Total RNA was extracted from the young spike rice IR24 (narrow-grain line) about 5 days before heading, using an RNA prep pure Plant Kit (Tiangen Biotech Co., Ltd). The mRNA was then further purified using PolyATtract® mRNA isolation systems (Promega Corporation), according to the manufacturer's instructions. First-strand cDNA was synthesized using a PrimeScriptTM RT-PCR Kit (TaKaRa Biotechnology Co., Ltd). RT-PCR was carried out using the first-strand cDNA as the template with the primers F6 (5′-AGA CGG AGG AGG AGG AAC GGG CGG CCA GTG-3′) and either R2 (5′-TCG ATC CTA TTT TTC GAG CTG TTT GGG TAG-3′) or R3 (5′-GAA TAT TCT TCC CAG ATC CAG GAC GAG G-3′). The PCR products were cloned into the pMD18-T vector and sequenced at the Invitrogen Sequencing Facility.

Protein sub-cellular localization

To investigate the cellular localization of GW5, the full-length cDNA of GW5 was cloned into the pCAMBIA1302 vector at the NcoI and SpeI sites. The GFP-GW5 fusion gene was driven by the 35S promoter. The control vector pCAMBIA1302 and the GFP-GW5 fusion gene construct were bombarded into onion epidermal cells using a helium ballistics device (Bio-Rad PDS-1000). The samples were examined with a Zeiss LSM510 confocal laser microscope.

Yeast two-hybrid screen

The full-length GW5 coding region was introduced into the pGBKT7 vector at the EcoRI and SalI sites. A BD Matchmaker library construction and screening kit (Clontech Laboratories, Inc.) was used for yeast two-hybrid assays. All protocols were performed according to the manufacturer's user manual. The yeast strain Y187 transformed with pGBKT7-GW5 was mated with the yeast strain AH109 transformed with a rice young spike AD fusion library and the resulting progeny were selected on SD/-Leu/-Trp/-His and SD/-Leu/-Trp/-His/-Ade/X-gal plates.
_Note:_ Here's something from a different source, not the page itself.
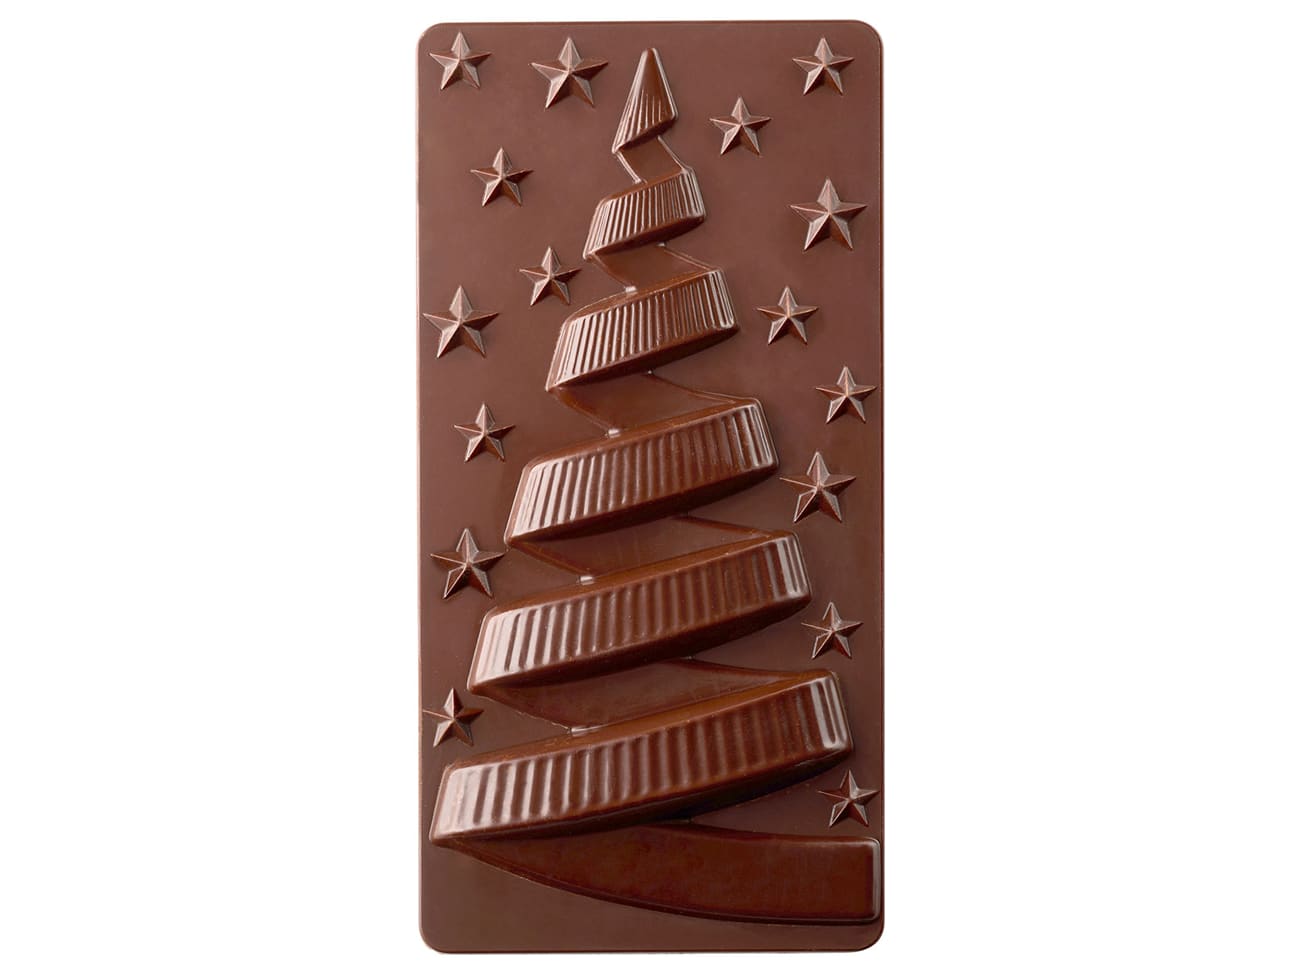 Pavoni Polycarbonate Christmas Xmas Night Chocolate Bar Mold by Fabrizio  Fiorani - 154 x 77 x h 15mm - 3 cavity - 100gr

All selected pGADT7 clones were sequenced at the Invitrogen Sequencing Facility to ensure that the prey proteins were in-frame fusions with the GAL4 AD domain and that the sequences were accurate.

Accession codes

Gene bank: 9311, Exon-trapped, CL971152.

Gene bank: IR24, GW5, DQ991205.

Note

During the preparation of our paper, we noticed a report of a newly identified QTL, qSW5 (a QTL for seed width on chromosome 5), the deletion of which resulted in a significant increase in seed size owing to an increase in cell number in the outer glume of the rice flower. qSW5 was mapped to the same genomic location as GW5. An 11.2-kb genomic fragment from the Kasalath cultivar, covering the GW5 region, restored the slender-grain phenotype in Nipponbare 46. These results further confirm that qSW5 corresponds to GW5.